One is increased regulation of private childcare providers. Over the last several decades, the number of states requiring licenses for home daycare has increased. Licensing may improve quality, but it also decreases supply by raising the barriers to enter the industry—thus, increasing cost.

Second, the creation of government programs offering nearly free childcare to the poorest households, mostly introduced from 1990 to 2010, may have led to a decline in the supply of childcare workers. Running a home-based childcare center used to be an attractive work option for low-income mothers, who charged lower fees (and earned a lower wage) in exchange for being able to work with their children at home and save on childcare costs themselves.

With the arrival of subsidies, many of these mothers placed their children in affordable daycare and sought higher-paying work elsewhere. In that sense, the subsidies worked exactly as designed, freeing up poor families to earn more money.

But as the supply of home-based care centers dried up, families who earned too much money to qualify for subsidized care were forced to find help elsewhere.

Of low-income families whose children were cared for by someone other than a parent during the day, 50% used family members as caregivers, according to a 2007 US Department of Health and Human Services survey. By 2015, 57% of parents earning less than $30,000 told Pew Research Center that they relied on care by family members.

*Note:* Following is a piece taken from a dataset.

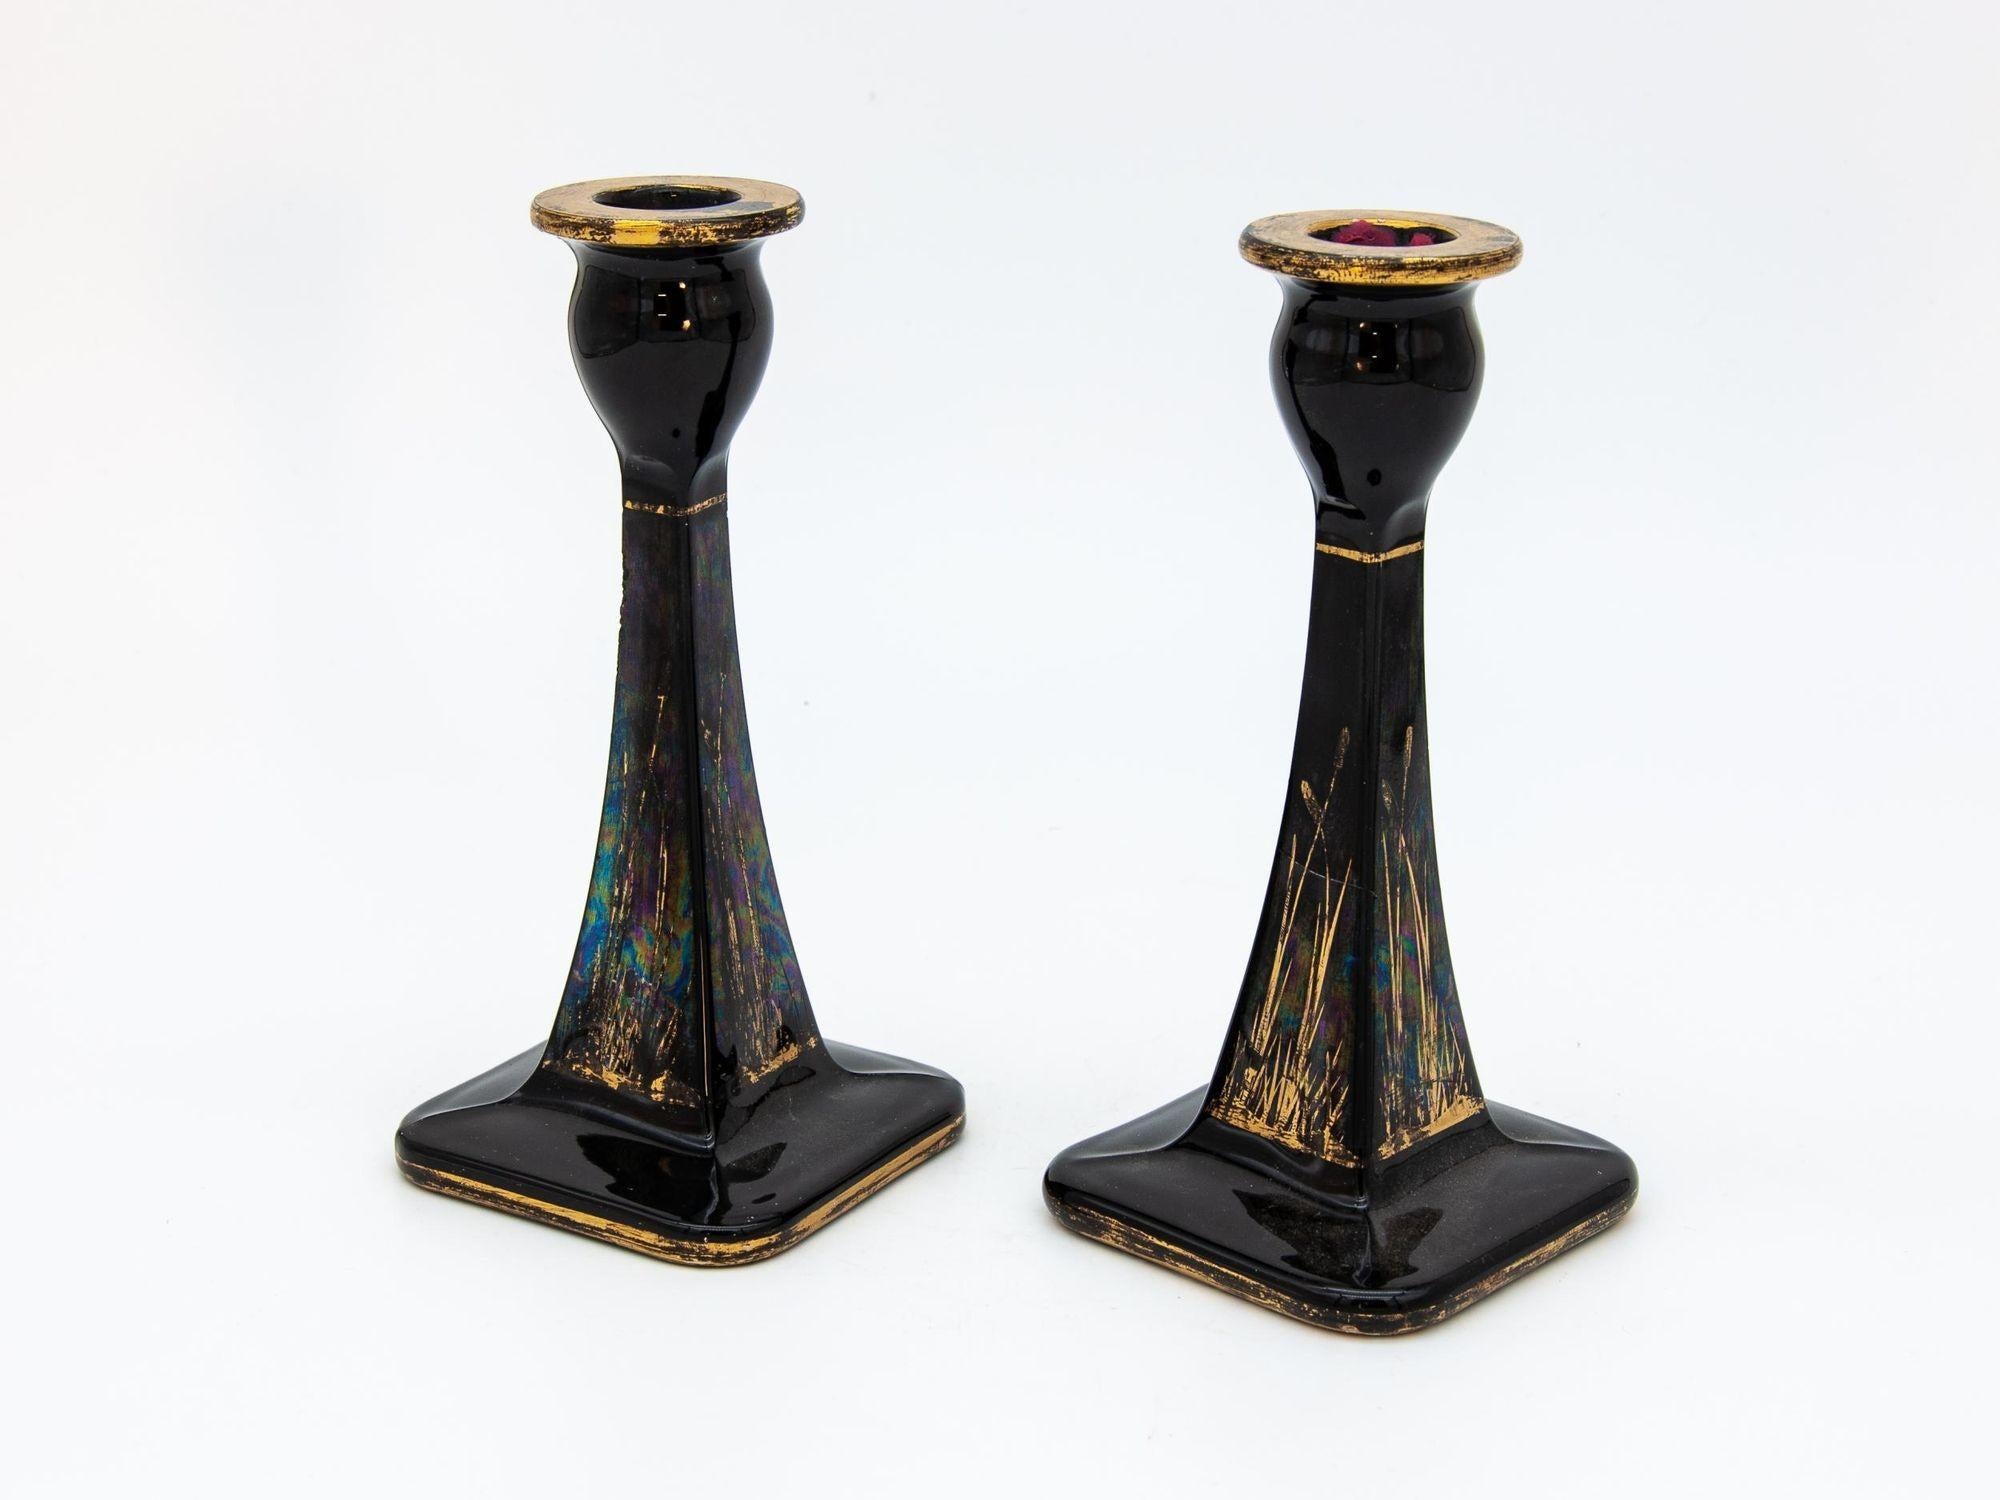 A pair of 1970s era black & gold candle holders with a carnival glass finish. Each candlestick has a tapered square column terminating on a square base. The cup is rounded with a gilt finish. The black finish column has a painted gold design on all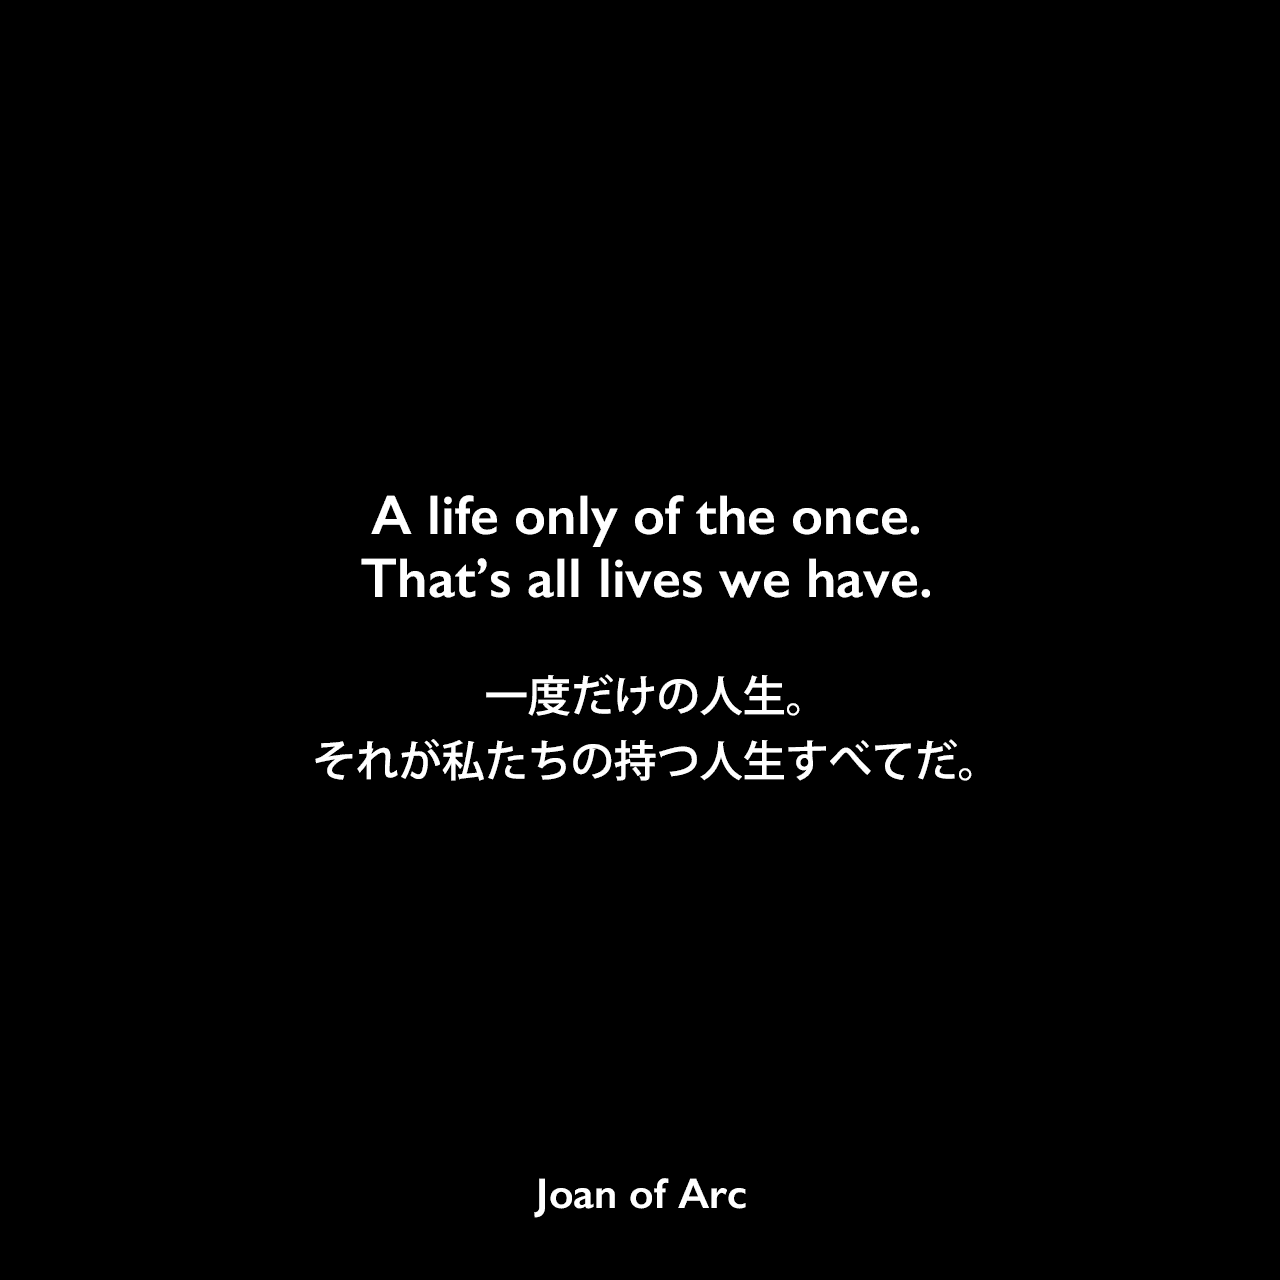 A life only of the once. That’s all lives we have.一度だけの人生。それが私たちの持つ人生すべてだ。Joan of Arc

Family care, of course, is available only to people living near relatives willing and able to care for their kids. Those who don’t have few choices. Nearly 80% of parents who described their household finances as “not strong” said they had “just a few” or “only one” childcare option, compared with 63% of those with strong finances, according to a 2016 poll by NPR, the Robert Wood Johnson Foundation and the Harvard T.H. Chan School of Public Health. Poorer families were also less satisfied with the quality of their child’s daycare than better-off parents.

Well-off families, on the other hand, have increasingly opted for private centers and caregivers that accommodate parents’ work schedules and give children educational and developmental advantages—at a price. Increased spending on childcare by the wealthy is part of a larger trend of richer Americans investing more in their children’s development. The share of spending on education among the rich has risen faster than the less well-to-do.

Quality early childhood education helps children get ahead. It helps their parents get ahead, too. But in the US, it’s very hard to access without a high income.

“We’ve known for decades now that there are so many positive outcomes for high quality childcare for children,” said Joya Misra, a professor of sociology and public policy at the University of Massachusetts Amherst. “In a country that makes available high quality childcare, you see much better employment for parents, you see higher wages for parents, and you see an enormous reduction in poverty.”